As mentioned above, the similarity score of models suffers from an increase in movie length, and LoRaFB-SNet shows a more pronounced advantage in longer movie experiments. The significant improvement in our model's score compared to other models, coupled with the overall lower scores of other models on Movie2, underscores the robust advantage of our model across different movies. In fact, when we use randomly selected 30s (the length of Movie1) clips from the 120s Movie2, LoRaFB-SNet achieves a score of 0.405 (about 80% of the score on Movie1). The scores of our model in six visual regions also indicate the robustness across brain regions (please refer to response 4 to Reviewer rzHc).

In summary, experiments and analysis in a variety of settings effectively demonstrate the performance and robustness of our model. In the future, despite the paucity of publicly available neural datasets under natural movie stimuli, we will try to apply our model to more datasets to solidify our conclusions.

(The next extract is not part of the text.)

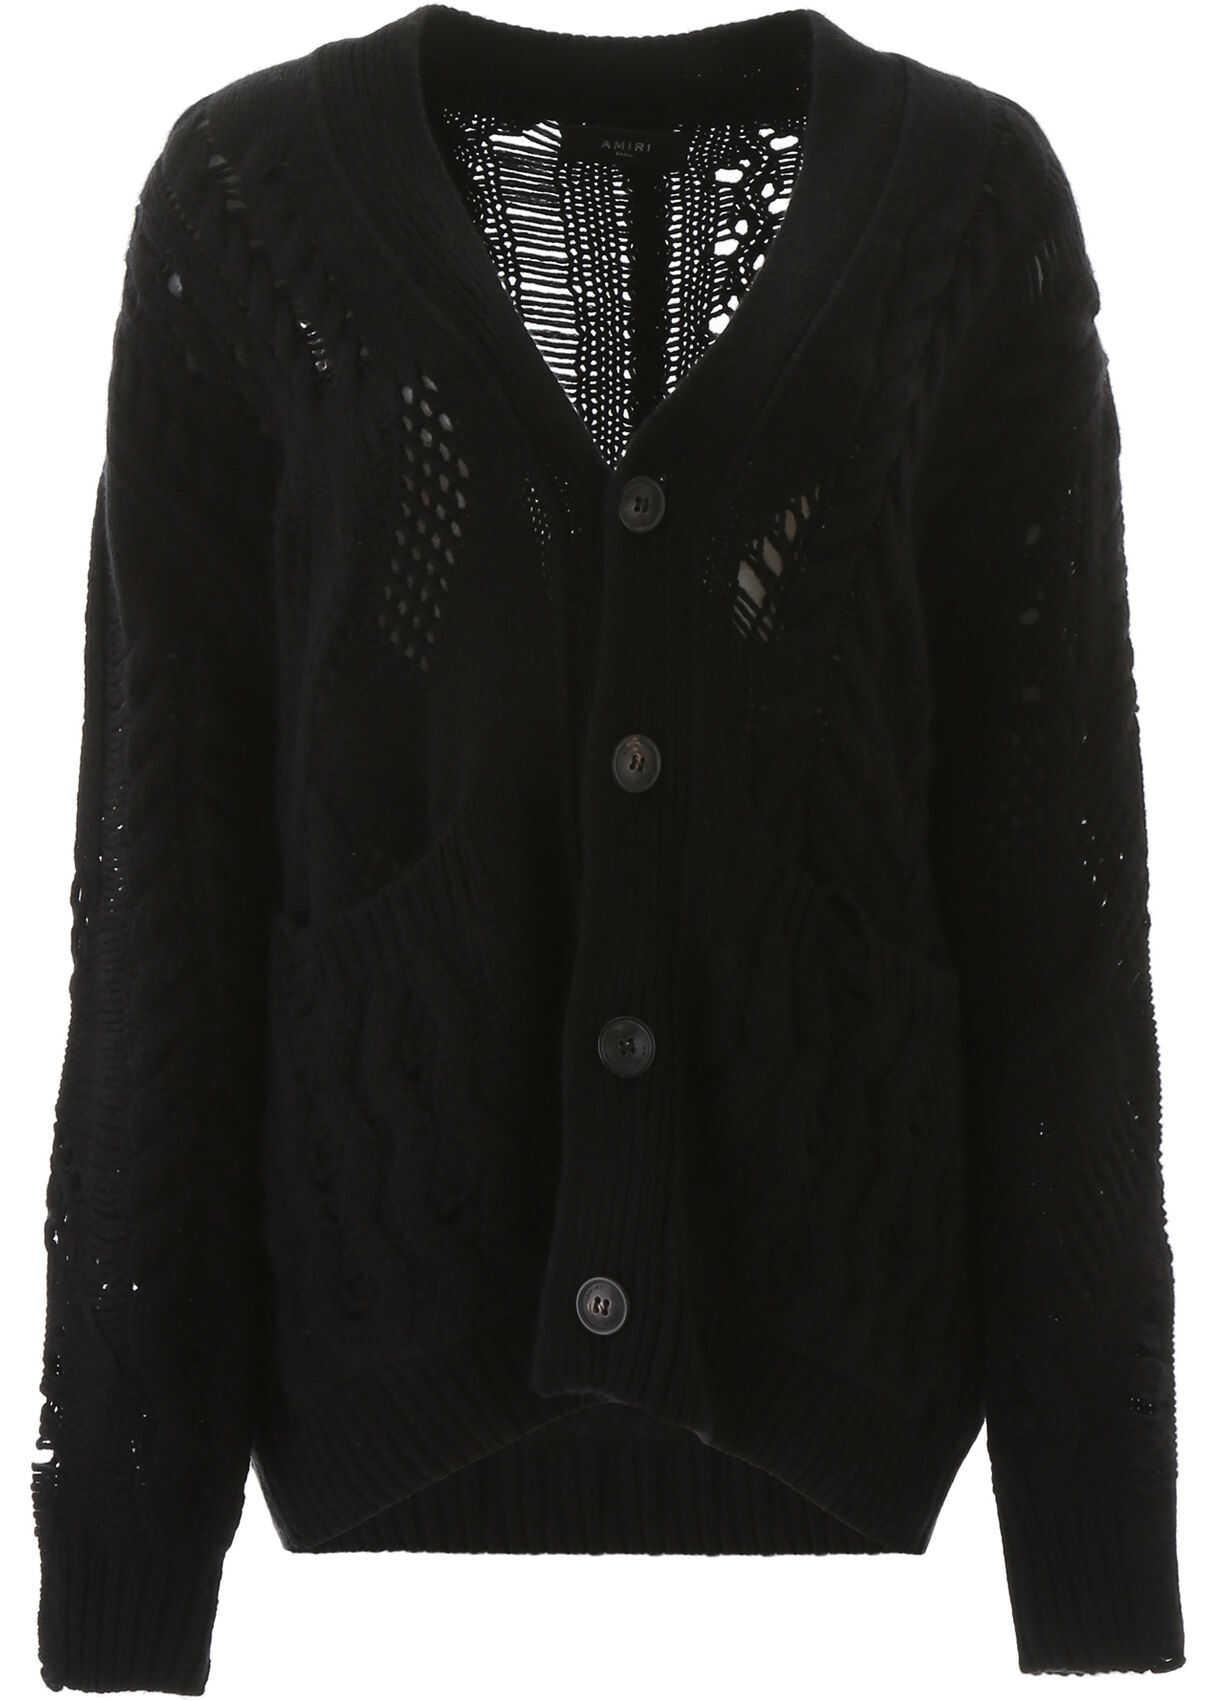 AMIRI Oversized Cardigan BLACK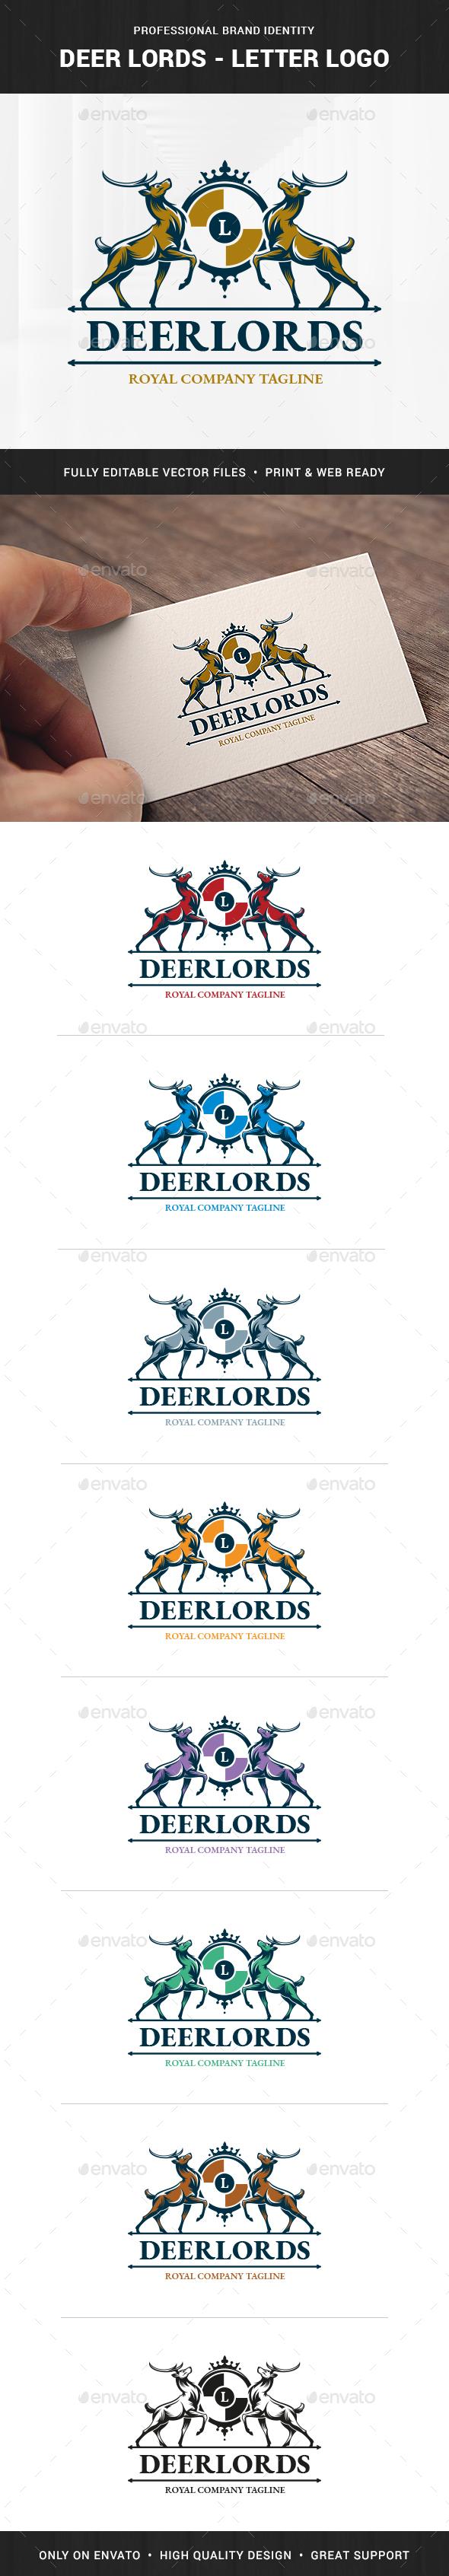 Deer Lords - Letter  Logo Template

3. Dependency on Pretraining Tasks.

We have preliminarily discussed the influence of pretraining datasets and tasks (Fig. 3B and the first paragraph of Section 4.3.3). In particular, the video recognition task better benefits model's neural similarity. Besides, temporal structures of data contribute more than the static content. Larger datasets and other video tasks may have different impacts, which we will explore in the further work.

4. Exploration of Local Recurrent Connections.

We agree that lateral connections within brain regions are useful for brain-like modeling. However, our work focuses on feedback connections across regions to build bio-inspired models. We will introduce local recurrent connections in the future for exploration.

[1] "Temporal-coded spiking neural networks with dynamic firing threshold Learning with event-driven backpropagation." ICCV 2023.

[2] "Rapid learning in cortical coding of visual scenes." Nature Neuroscience 2007.

[3] "Representation of visual scenes by local neuronal populations in layer 2/3 of mouse visual cortex." Front Neural Circuits 2011.